### Task details
Would you transcribe the listing exactly as it stands, minus any images?

### Supplied material
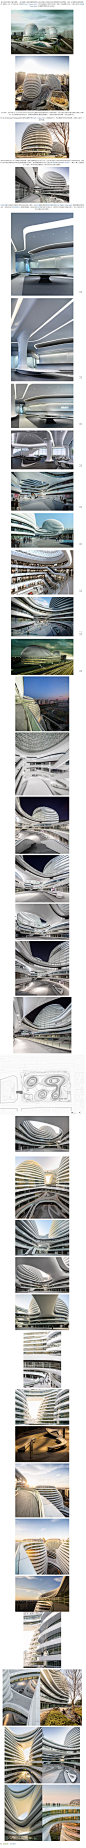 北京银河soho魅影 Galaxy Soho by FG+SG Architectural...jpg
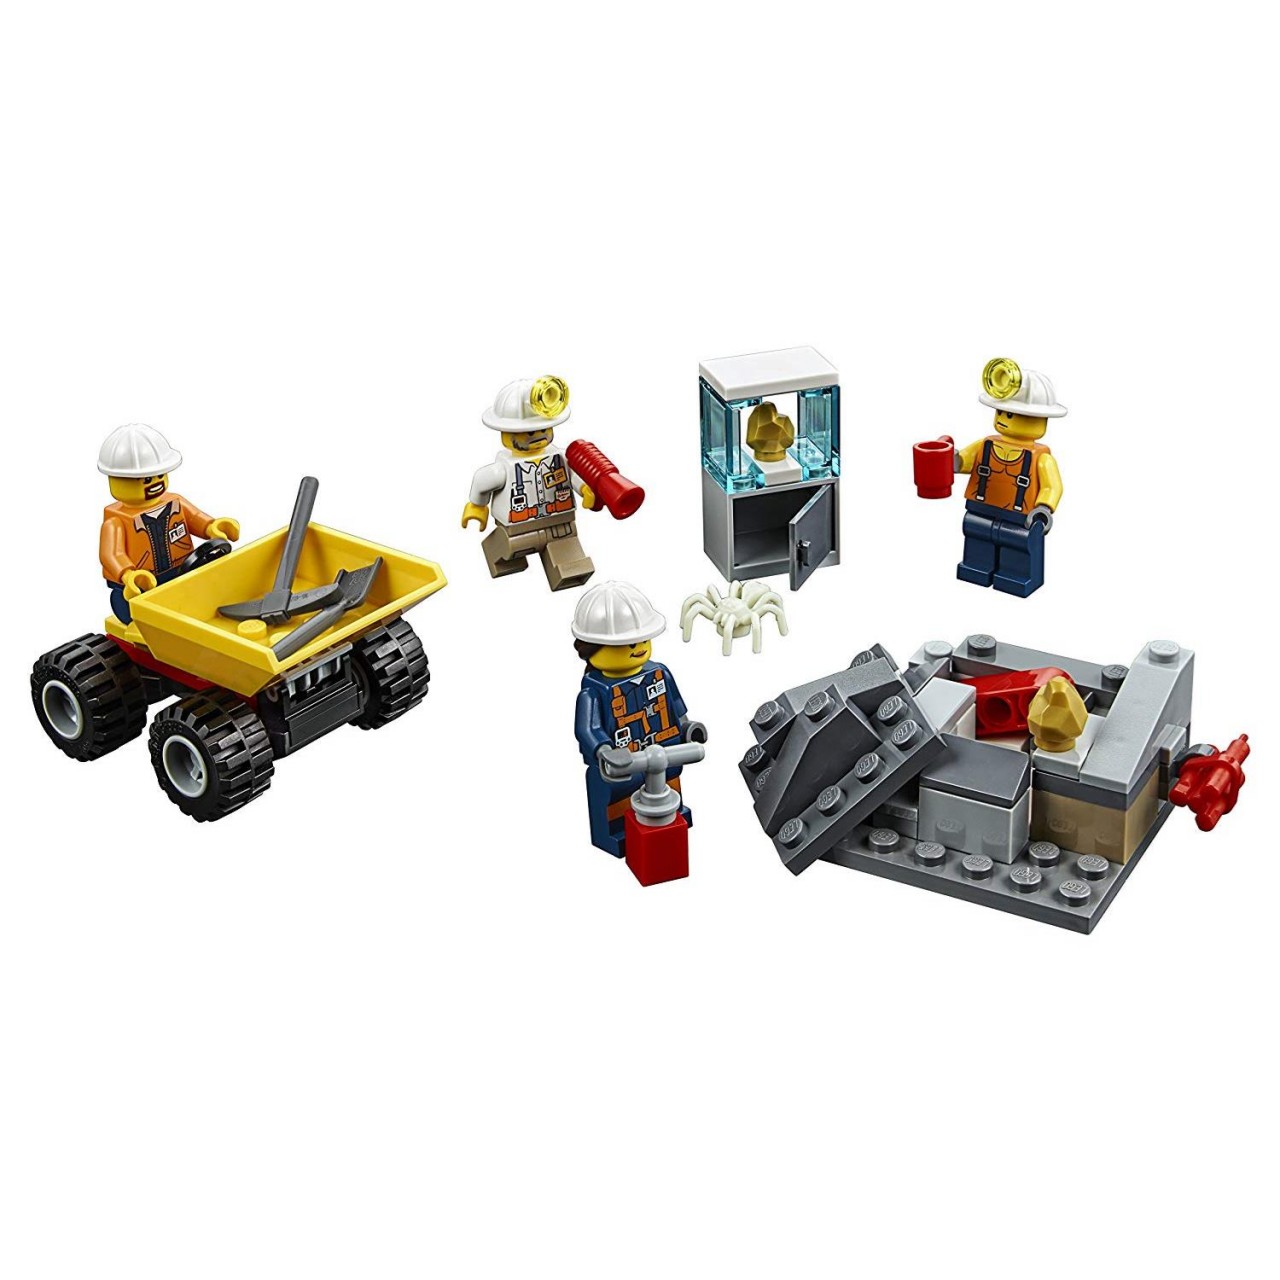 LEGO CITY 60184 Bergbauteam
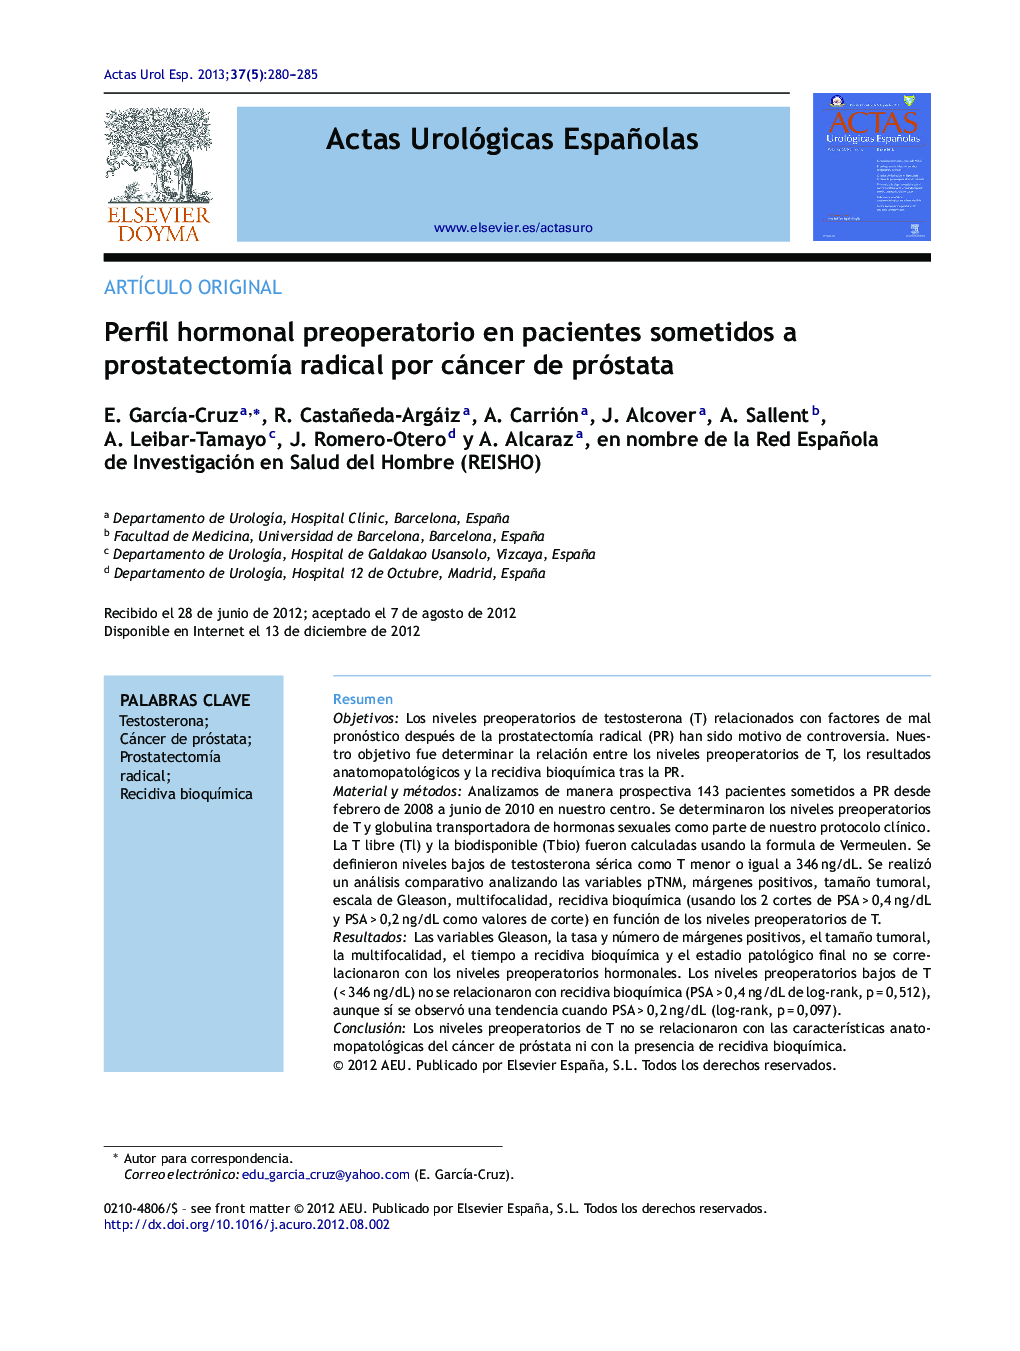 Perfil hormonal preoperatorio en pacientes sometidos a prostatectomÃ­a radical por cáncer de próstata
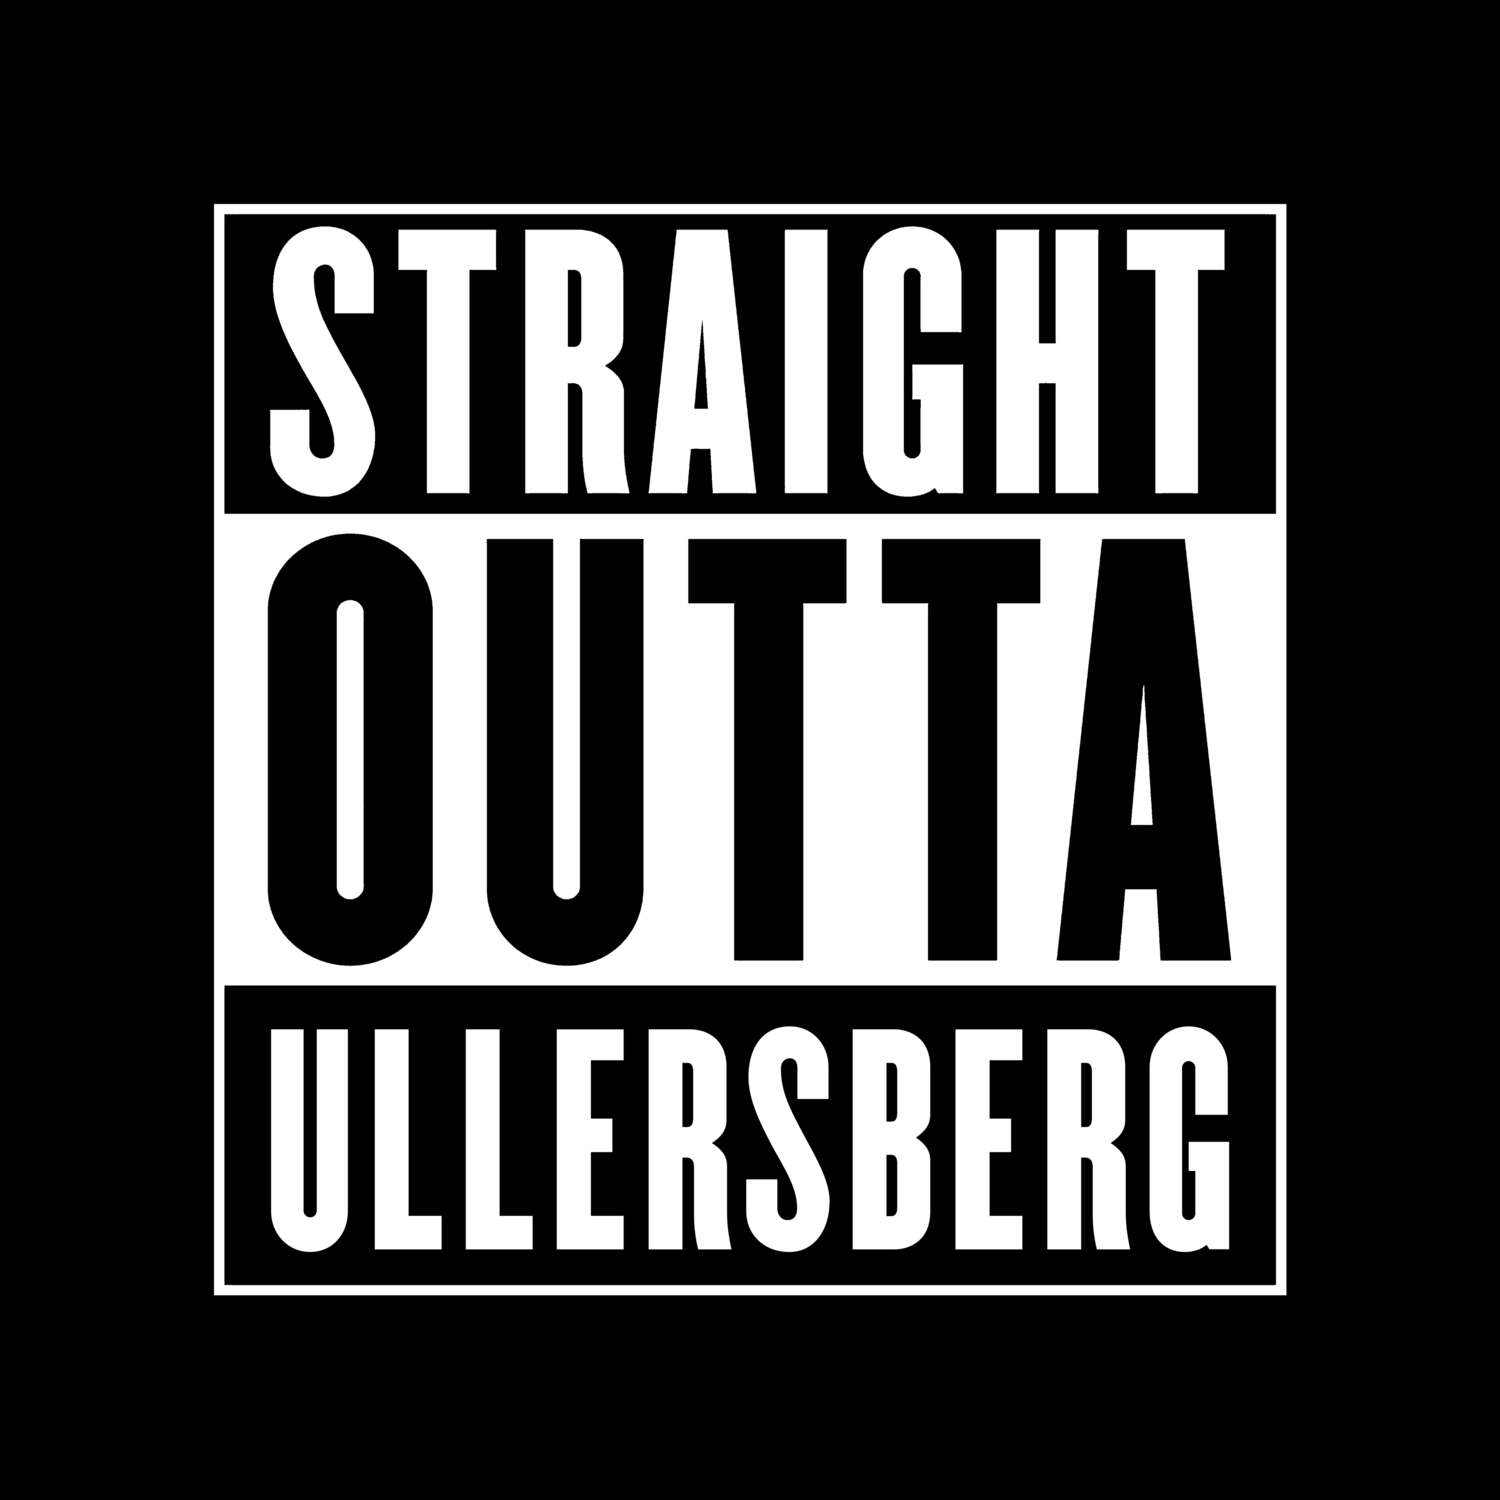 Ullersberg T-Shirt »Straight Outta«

### Response area
 北京银河soho魅影 Galaxy Soho by FG+SG Architectural...jpg
 LEGO CITY 60184 Bergbauteam
 Perfil hormonal preoperatorio en pacientes sometidos a prostatectomÃ­a radical por cáncer de próstata
 Ullersberg T-Shirt »Straight Outta«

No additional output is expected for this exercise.